Like a lot of women, I like bags. In fact, I don’t just like bags, I love ‘em. I simply can’t pass up a shop that sells bags without spending at least a few minutes window-shopping no matter how rushed I am for time. And if I have the time, I can while away an hour or so looking at all the bags – the colours, the shapes, the sizes, the textures, the *gulp* prices – and wondering what it would be like to buy them all. Out of necessity, naturally, not out of greed - although non-bag-lovers might see it as greed. But, as they say, one person’s necessity is another person’s greed. (Or the other way round.)
Unlike a lot of women, however, I only own one handbag. I don’t need or want more than one, and if I find one I like, I tend to use it everywhere all the time until it’s threadbare or worn down to near transparency. At that point, with a heavy heart, I am forced to go to a bag emporium as an unhappy buyer instead of just as a happy wanderer.

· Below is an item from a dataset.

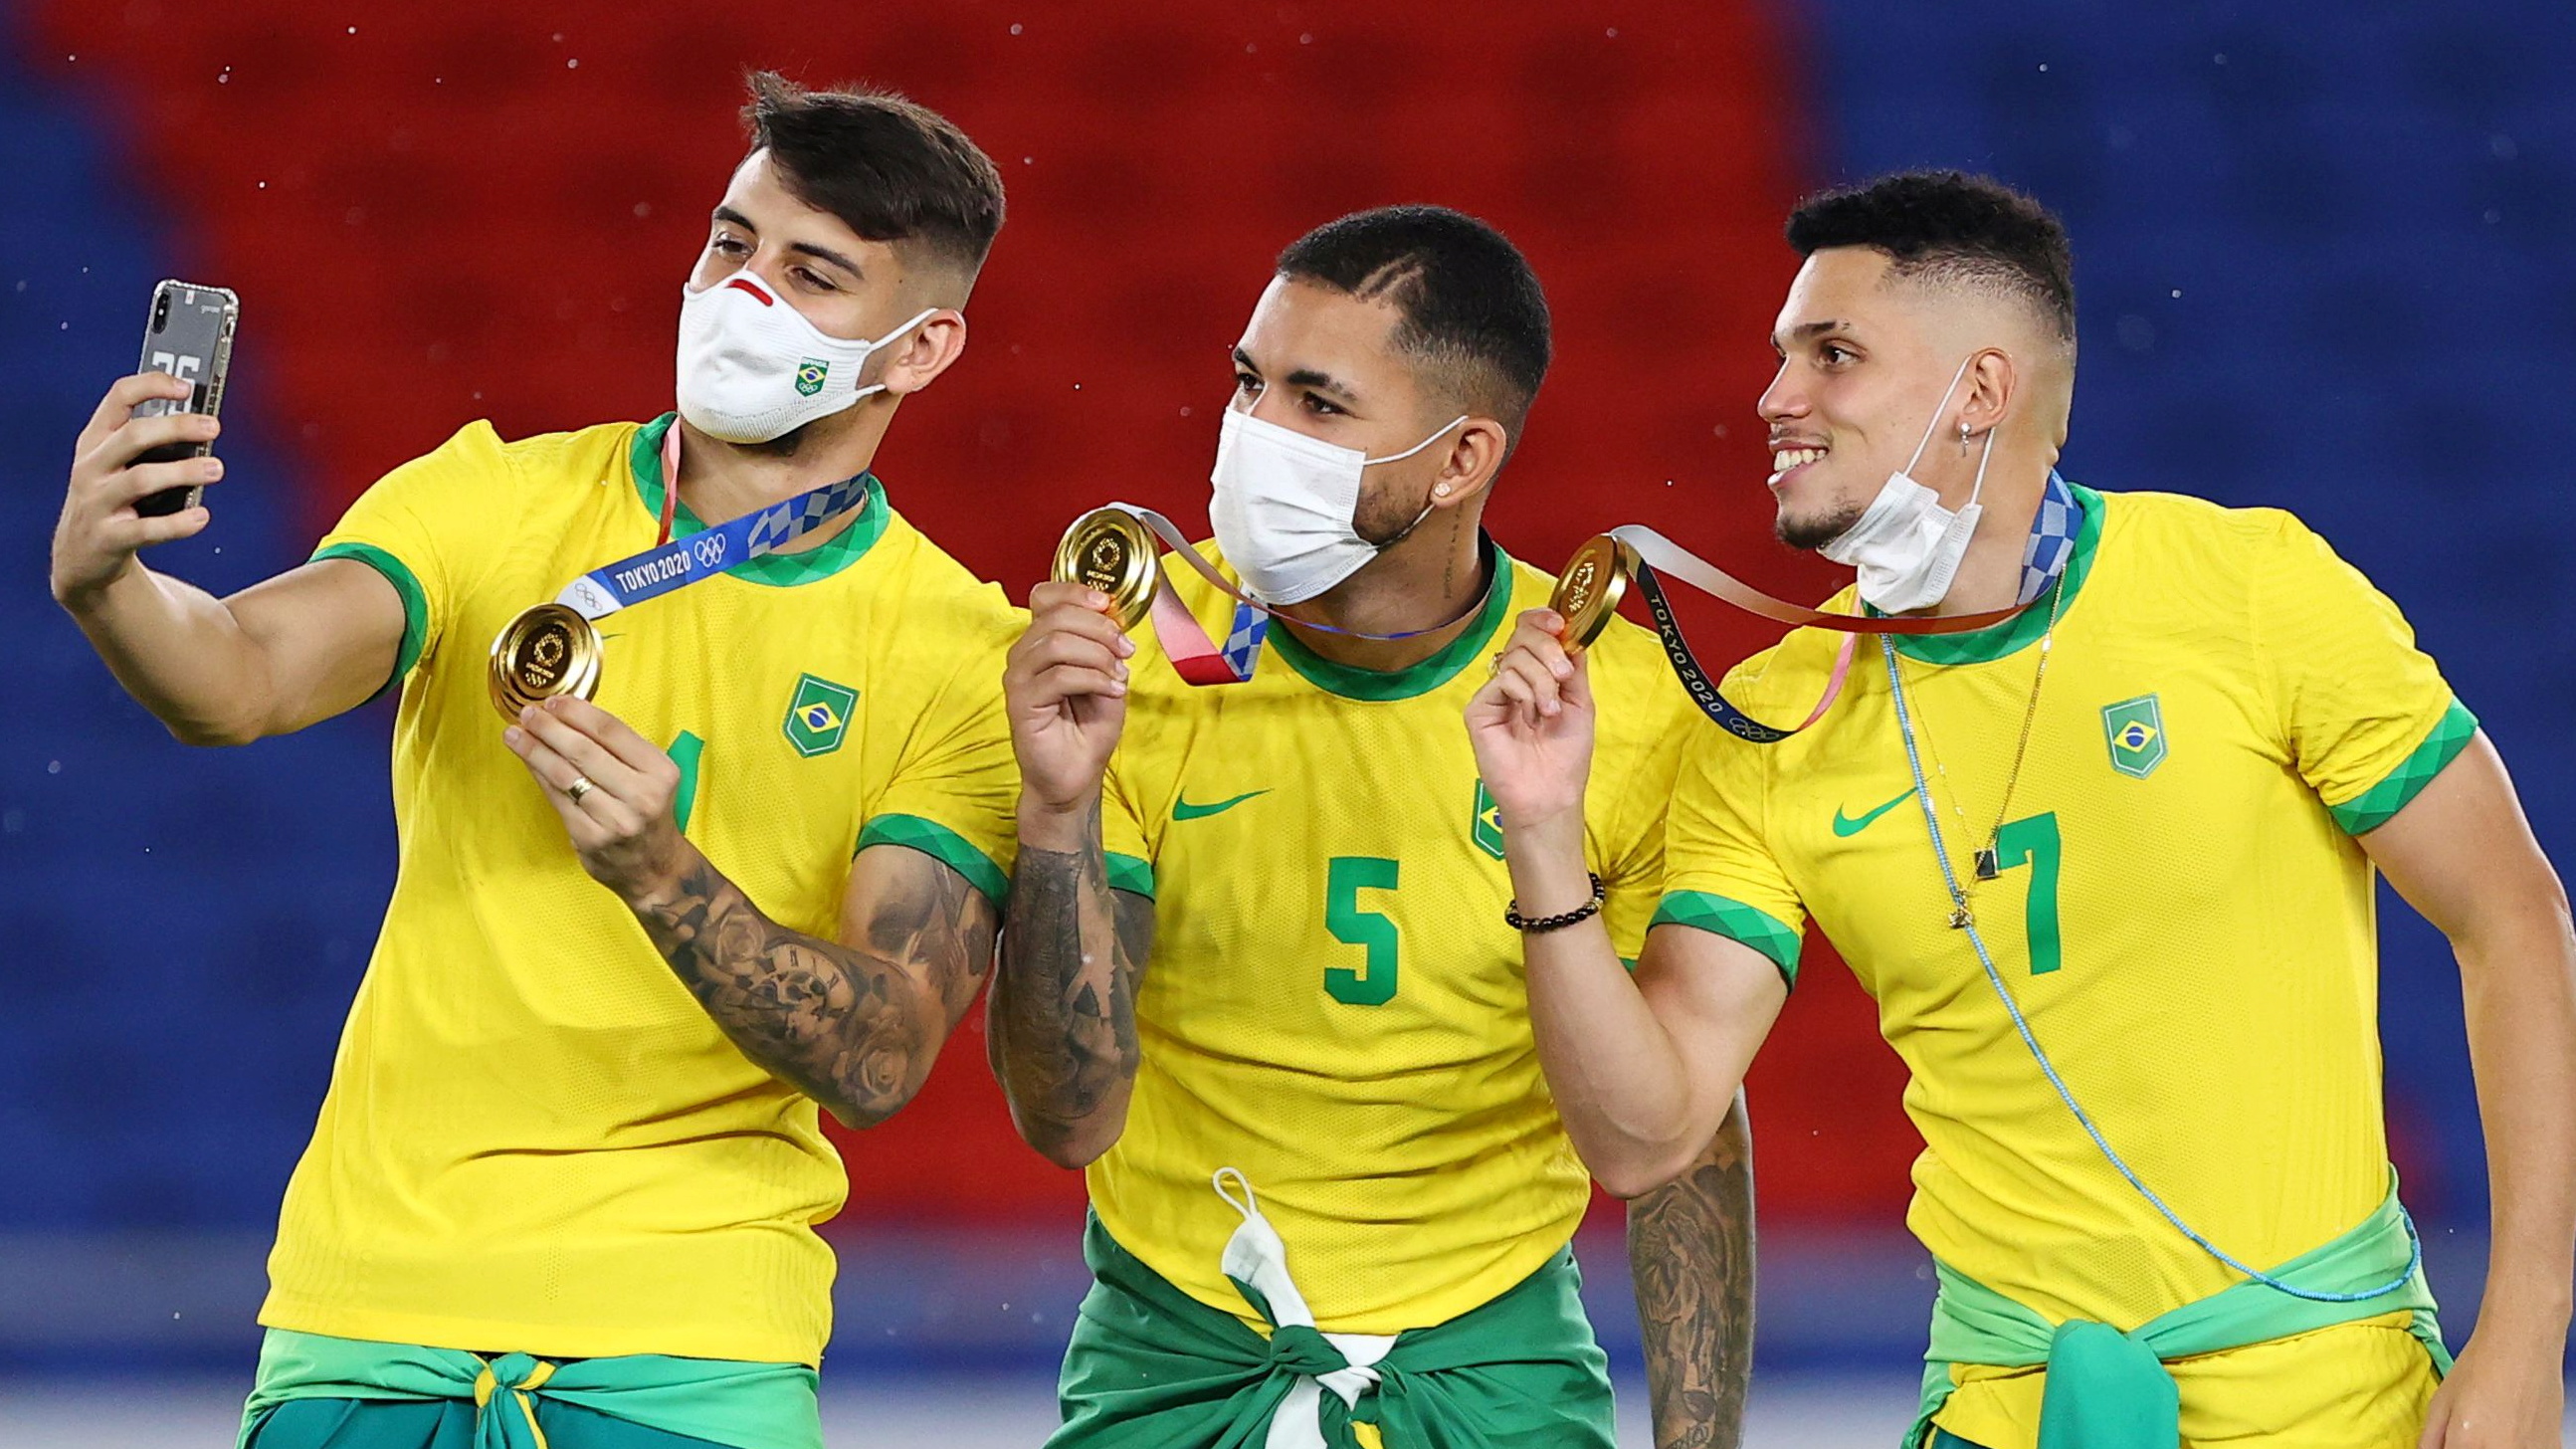 Dura acusación de deportistas olímpicos brasileños contra la selección de fútbol: “No son parte del equipo y no les importa”

The problem with having to buy a bag is that a lot of them look nice, but most of them don’t have the qualities I desire - low price, good looks, medium size but with optimum-storage-and-plenty-of-compartments. Or rather, these qualities do exist, but not as applicable to any one bag. This problem is further compounded by the fact that any bag I buy, no matter how perfect before I buy it, immediately loses all lovability the moment the sale is final. At that point, any sort of bag carried by any random woman – short of an actual bag lady – takes on all the desirability that my bag had possessed just micro seconds before.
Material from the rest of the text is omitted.